Panel members at the time of adoption

Antonio F Hernandez‐Jerez, Paulien Adriaanse, Annette Aldrich, Philippe Berny, Tamara Coja, Sabine Duquesne, Andreas Focks, Marina Marinovich, Maurice Millet, Olavi Pelkonen, Silvia Pieper, Aaldrik Tiktak, Christopher J Topping, Anneli Widenfalk, Martin Wilks and Gerrit Wolterink.

Abstract

EFSA asked the Panel on Plant Protection Products and their residues to deliver a Scientific Opinion on testing and interpretation of comparative in vitro metabolism studies for both new active substances and existing ones. The main aim of comparative in vitro metabolism studies of pesticide active substances is to evaluate whether all significant metabolites formed in the human in vitro test system, as a surrogate of the in vivo situation, are also present at comparable level in animal species tested in toxicological studies and, therefore, if their potential toxicity has been appropriately covered by animal studies. The studies may also help to decide which animal model, with regard to a particular compound, is the most relevant for humans. In the experimental strategy, primary hepatocytes in suspension or culture are recommended since hepatocytes are considered the most representative in vitro system for prediction of in vivo metabolites.

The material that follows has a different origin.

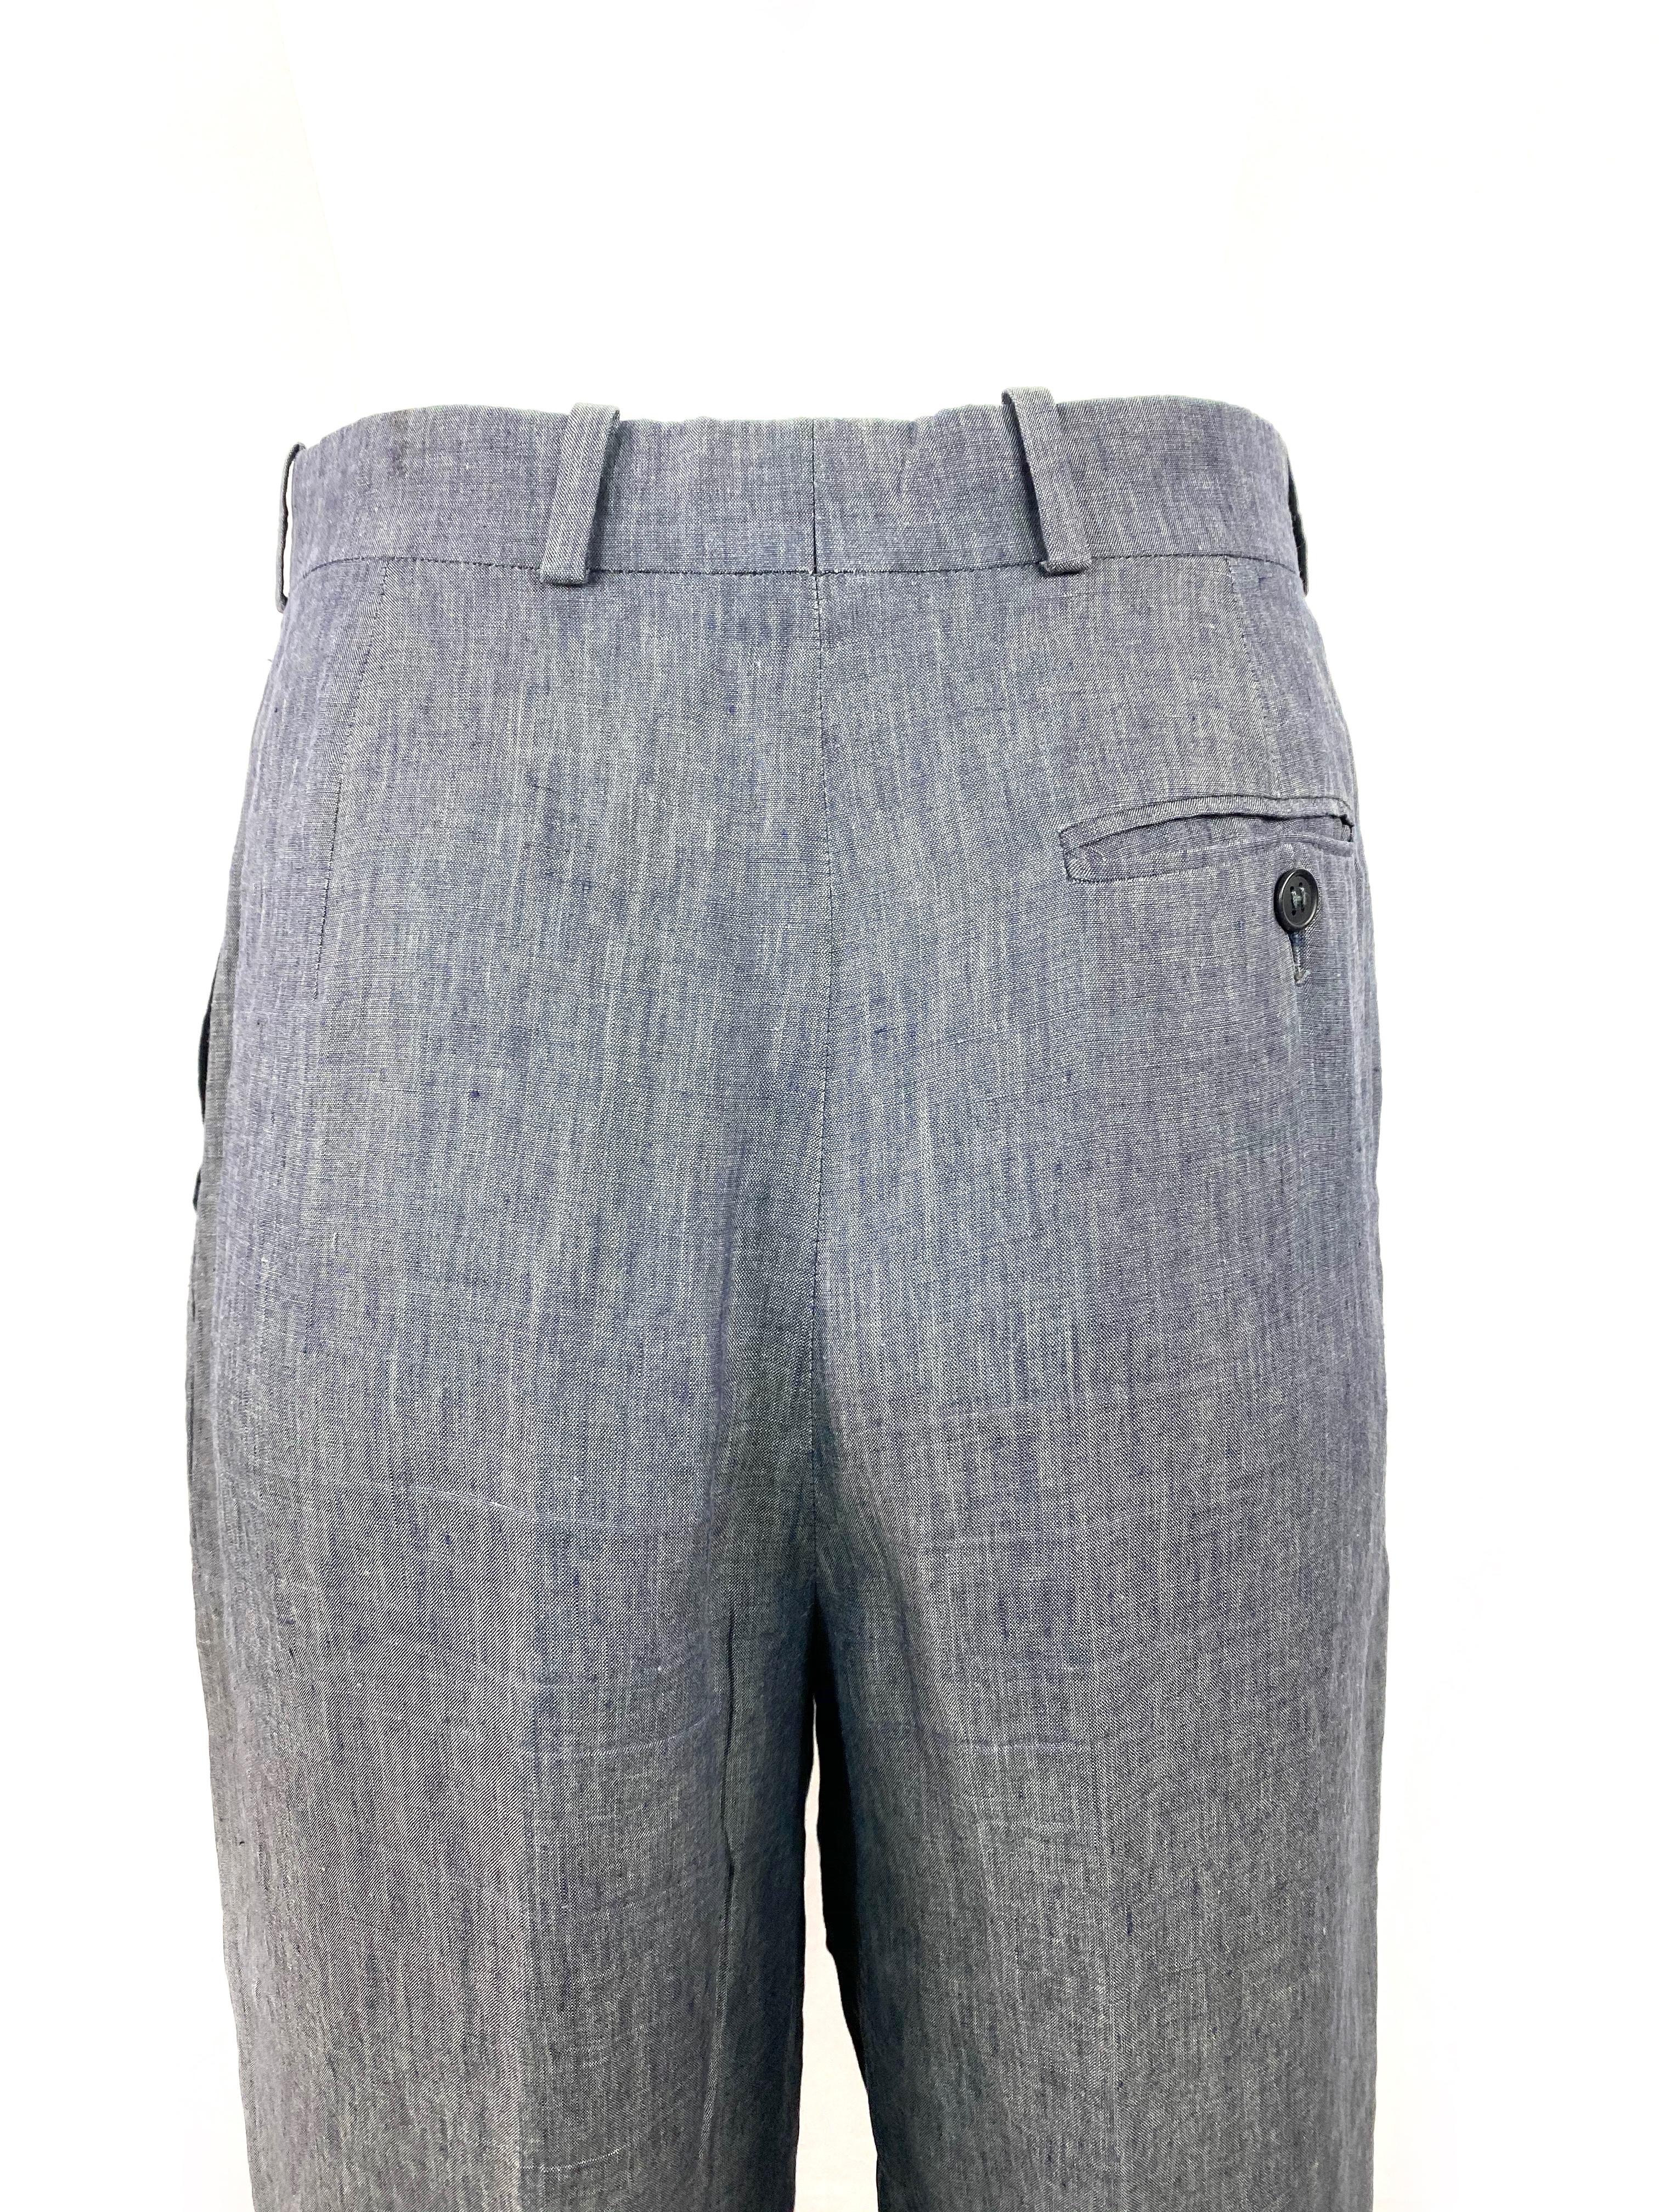 Gray HERMES Paris Blue Linen Straight Trousers Pants Size 38 For Sale

The experimental design of 3 × 3 × 3 (concentrations, time points, technical replicates, on pooled hepatocytes) will maximise the chance to identify unique (UHM) and disproportionate (DHM) human metabolites. When DHM and UHM are being assessed, test item‐related radioactivity recovery and metabolite profile are the most important parameters. Subsequently, structural characterisation of the assigned metabolites is performed with appropriate analytical techniques. In toxicological assessment of metabolites, the uncertainty factor approach is the first alternative to testing option, followed by new approach methodologies (QSAR, read‐across, in vitro methods), and only if these fail, in vivo animal toxicity studies may be performed. Knowledge of in vitro metabolites in human and animal hepatocytes would enable toxicological evaluation of all metabolites of concern, and, furthermore, add useful pieces of information for detection and evaluation of metabolites in different matrices (crops, livestock, environment), improve biomonitoring efforts via better toxicokinetic understanding, and ultimately, develop regulatory schemes employing physiologically based or physiology‐mimicking in silico and/or in vitro test systems to anticipate the exposure of humans to potentially hazardous substances in plant protection products.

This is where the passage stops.